• TASK TO CARRY OUT
The answer consists solely of the lines running from the one with "Midsummer Mixer Purple" through the final line below, transcribed exactly and without any pictures.

• MATERIAL FOR THIS TASK
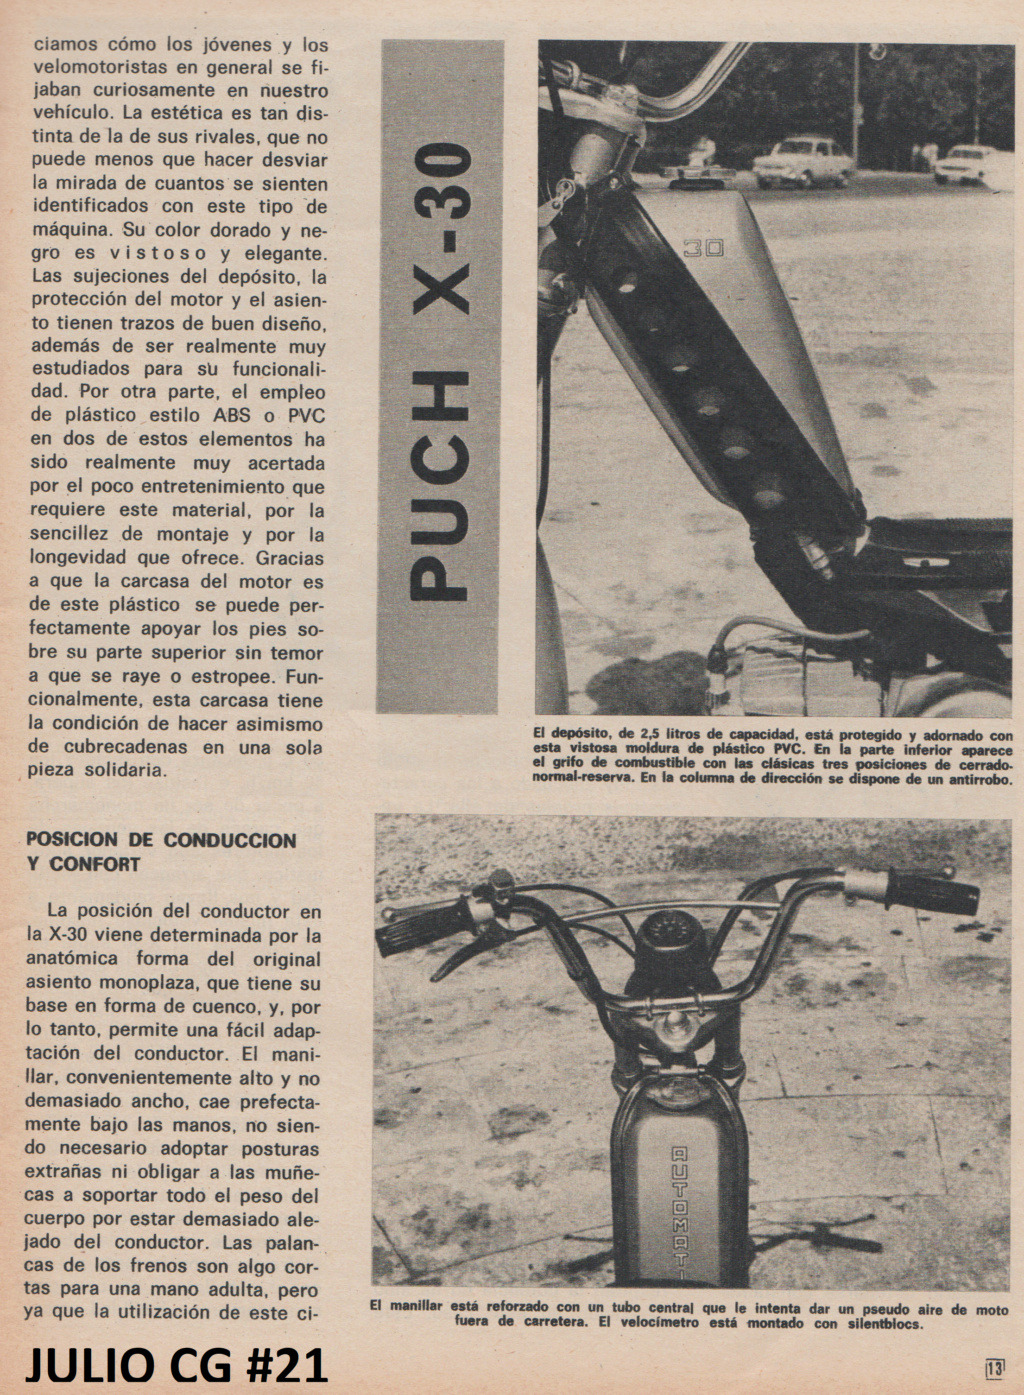 puch - PUCH X30  Motociclismo  segunda quincena julio 1975 Escze335
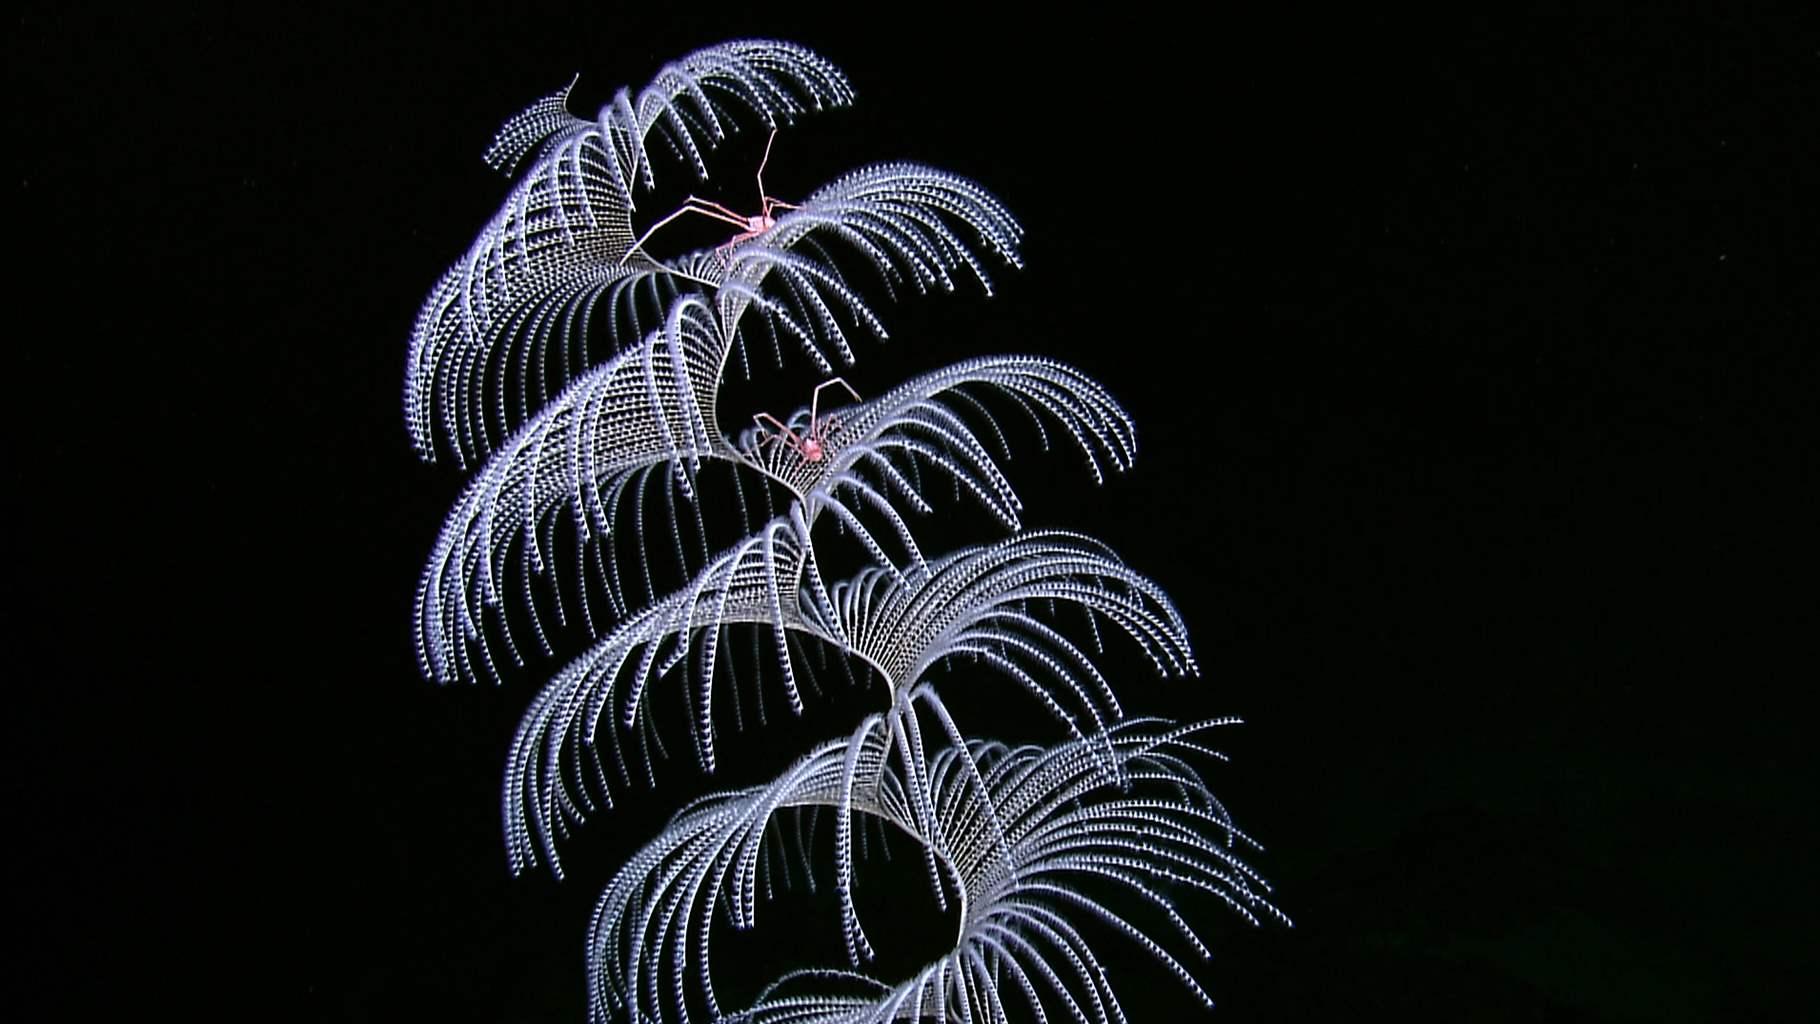 Iridogorgia coral
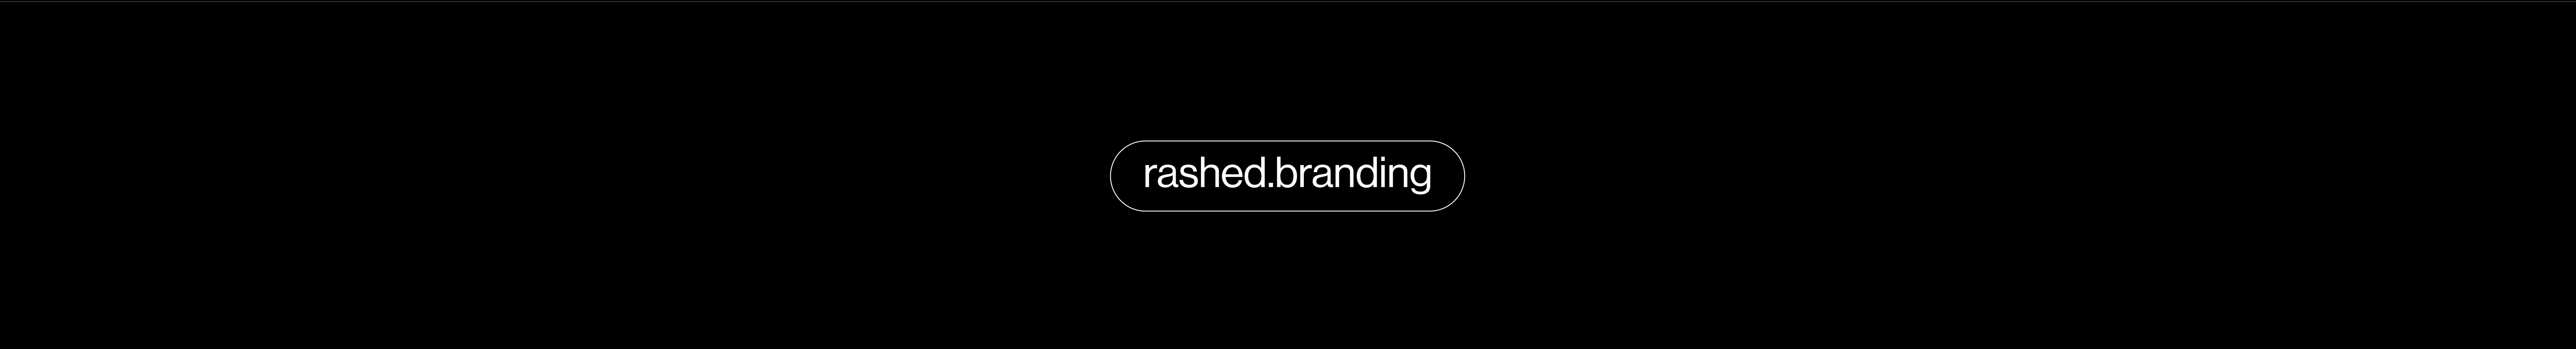 rashed branding's profile banner
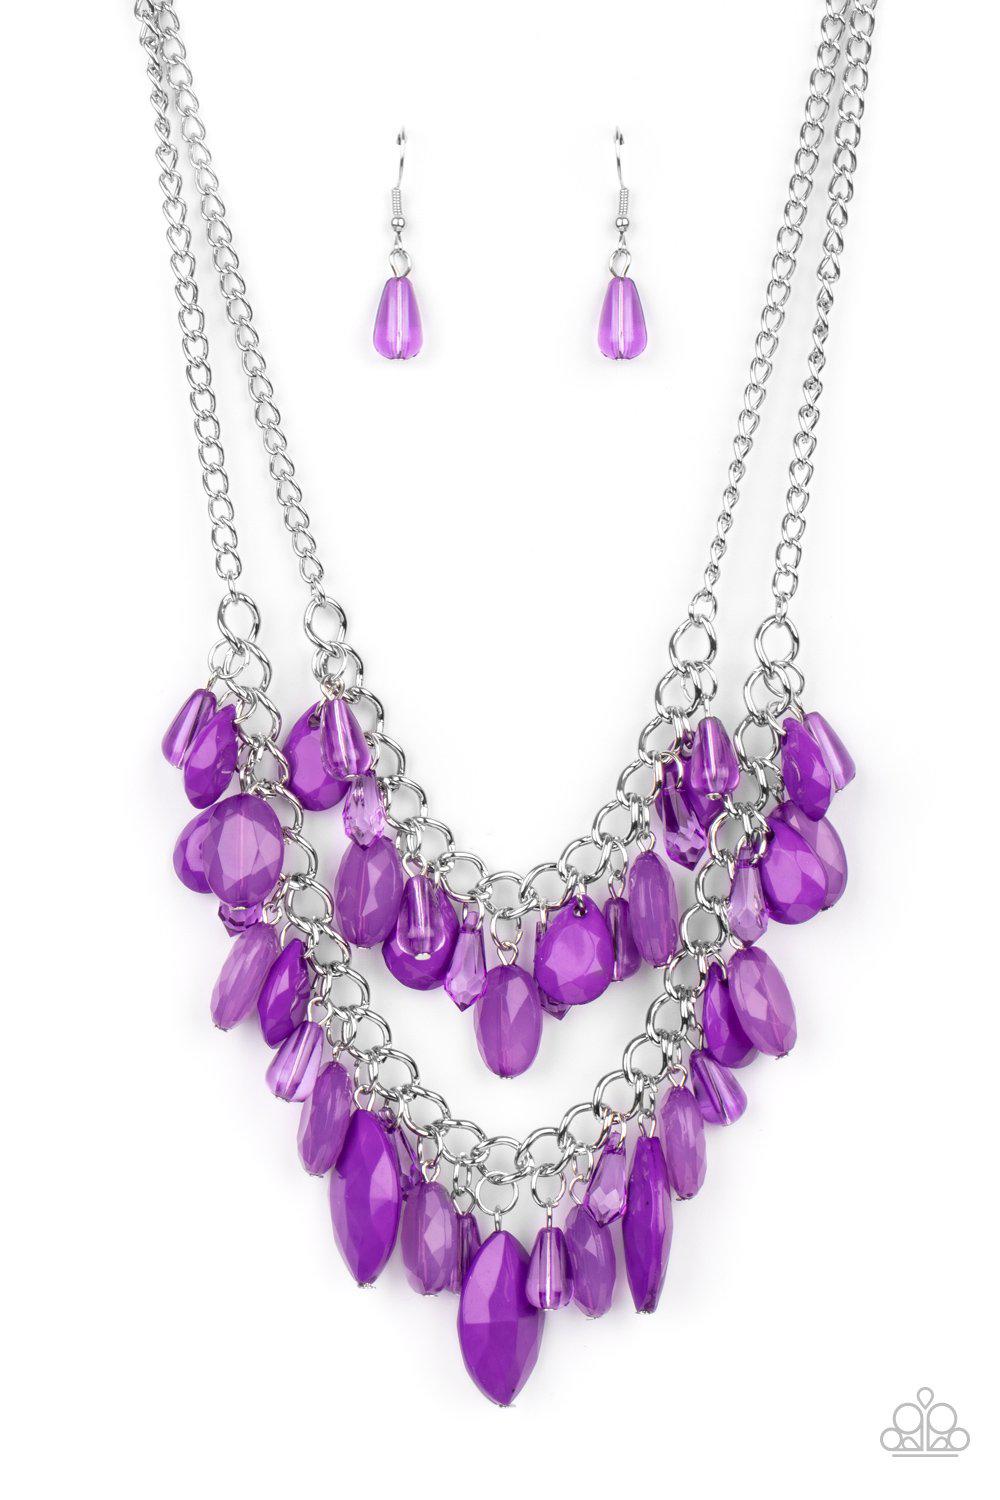 Midsummer Mixer Purple Necklace - Paparazzi Accessories- lightbox - CarasShop.com - $5 Jewelry by Cara Jewels
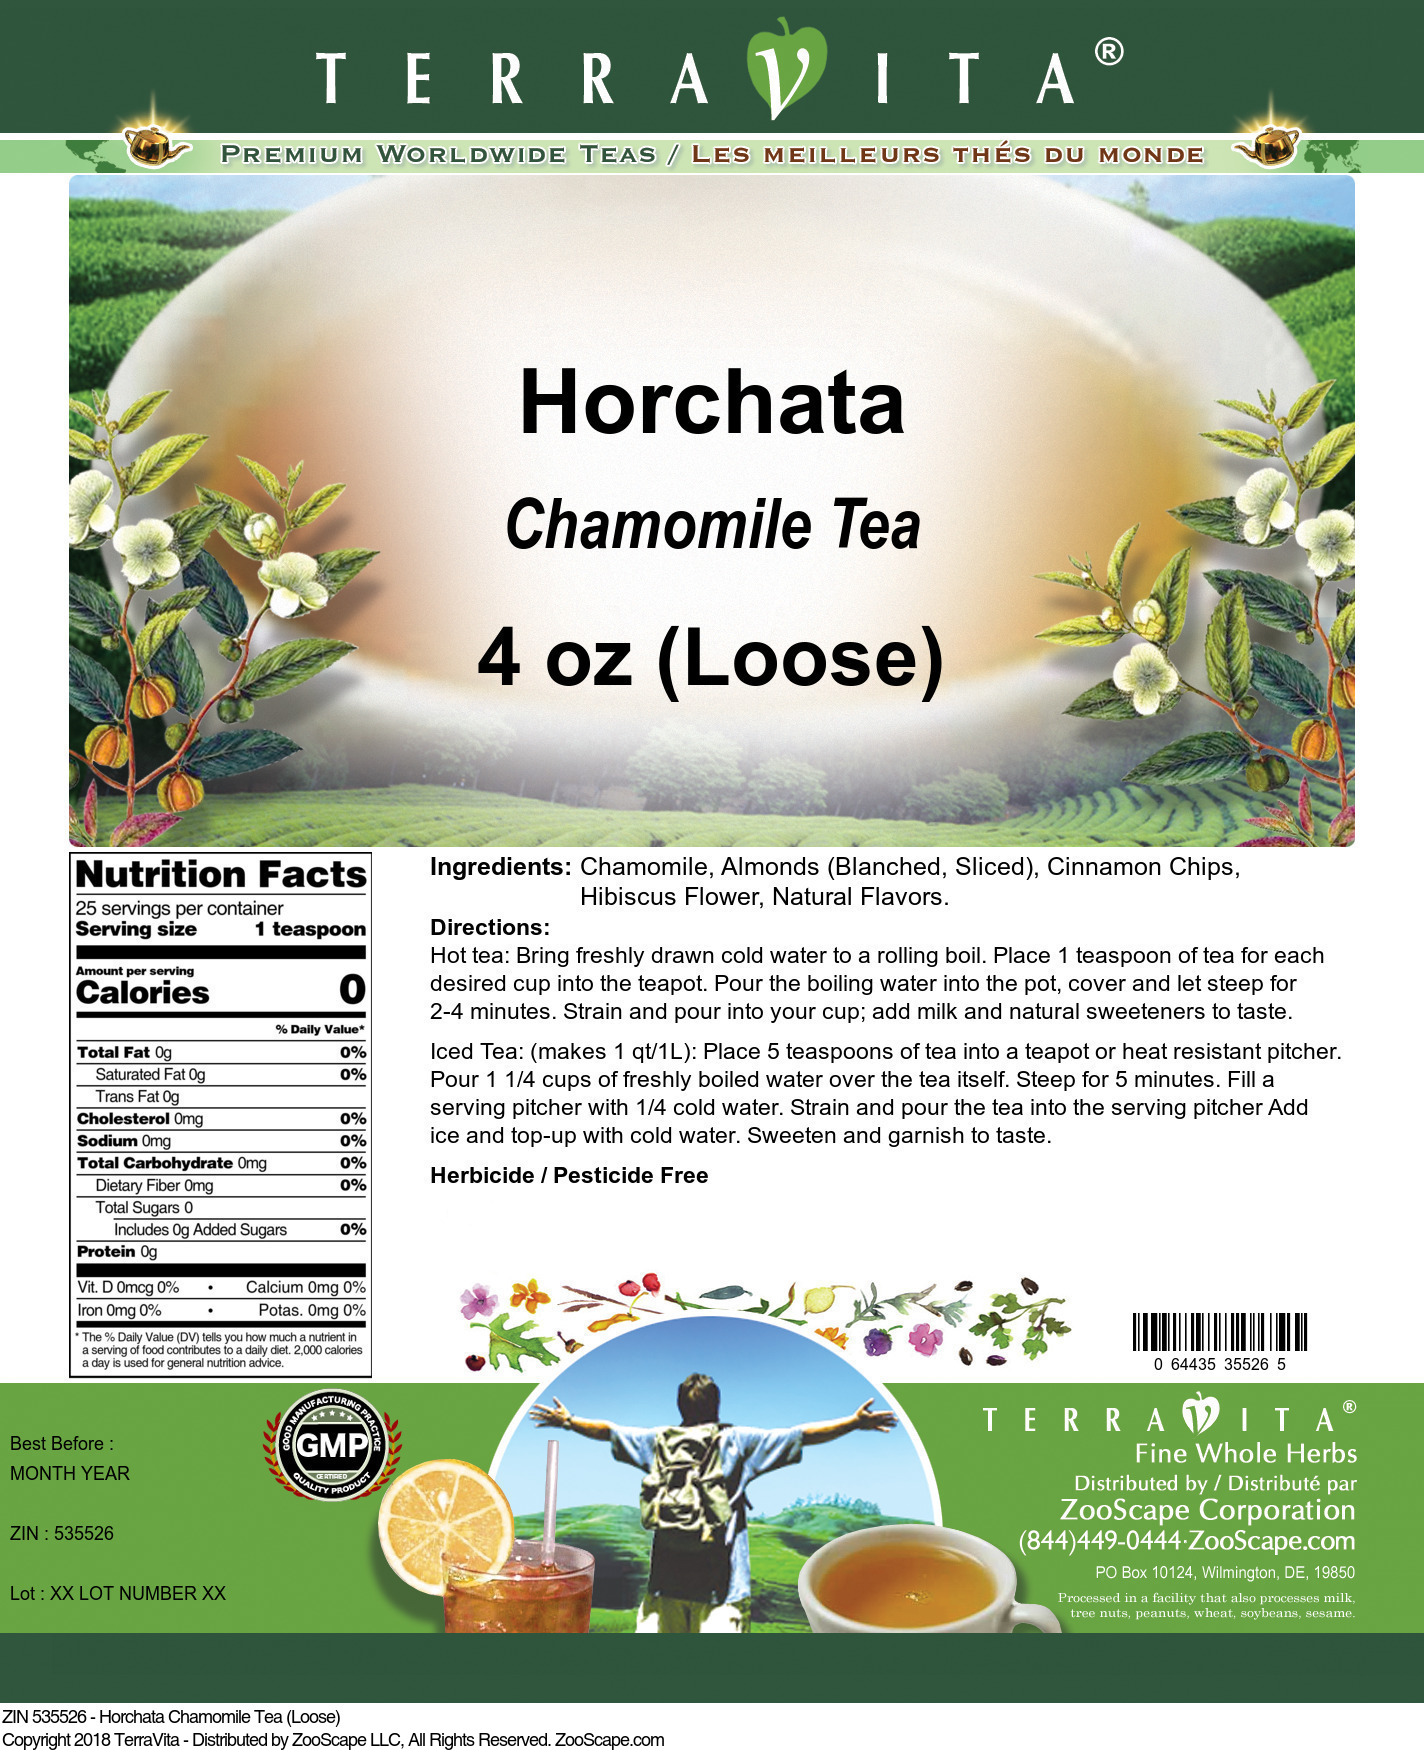 Horchata Chamomile Tea (Loose) - Label
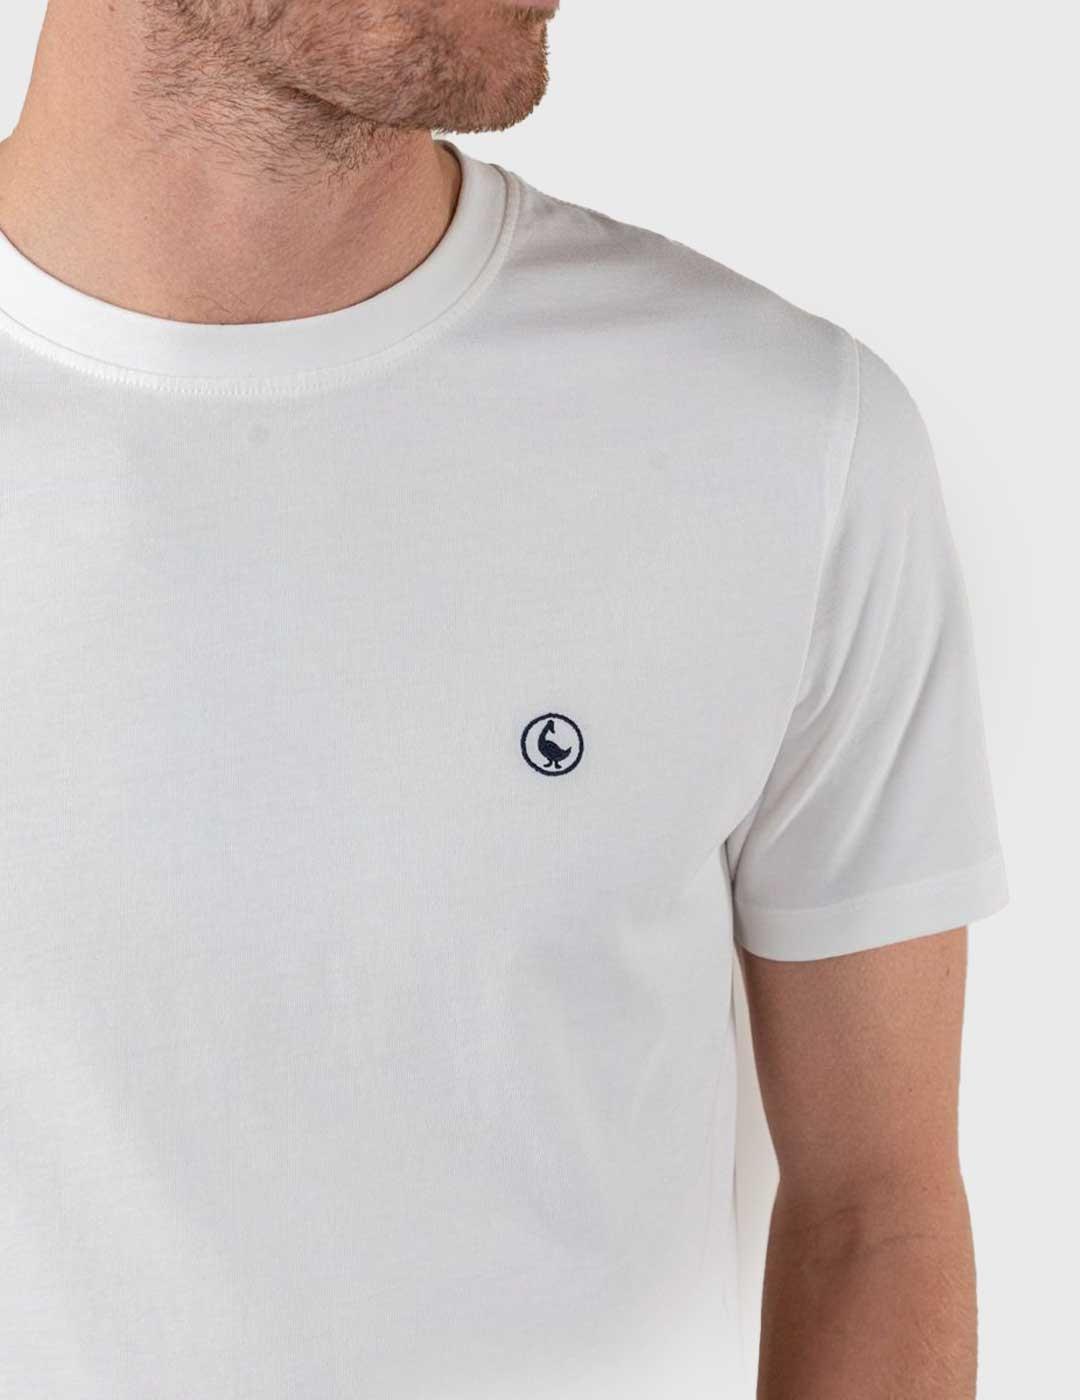 El Ganso Camiseta Garment Dyed blanca para hombre

• RESULT OF THE TASK
 Midsummer Mixer Purple Necklace - Paparazzi Accessories- lightbox - CarasShop.com - $5 Jewelry by Cara Jewels
 Horchata Chamomile Tea (Loose) - Label
 El Ganso Camiseta Garment Dyed blanca para hombre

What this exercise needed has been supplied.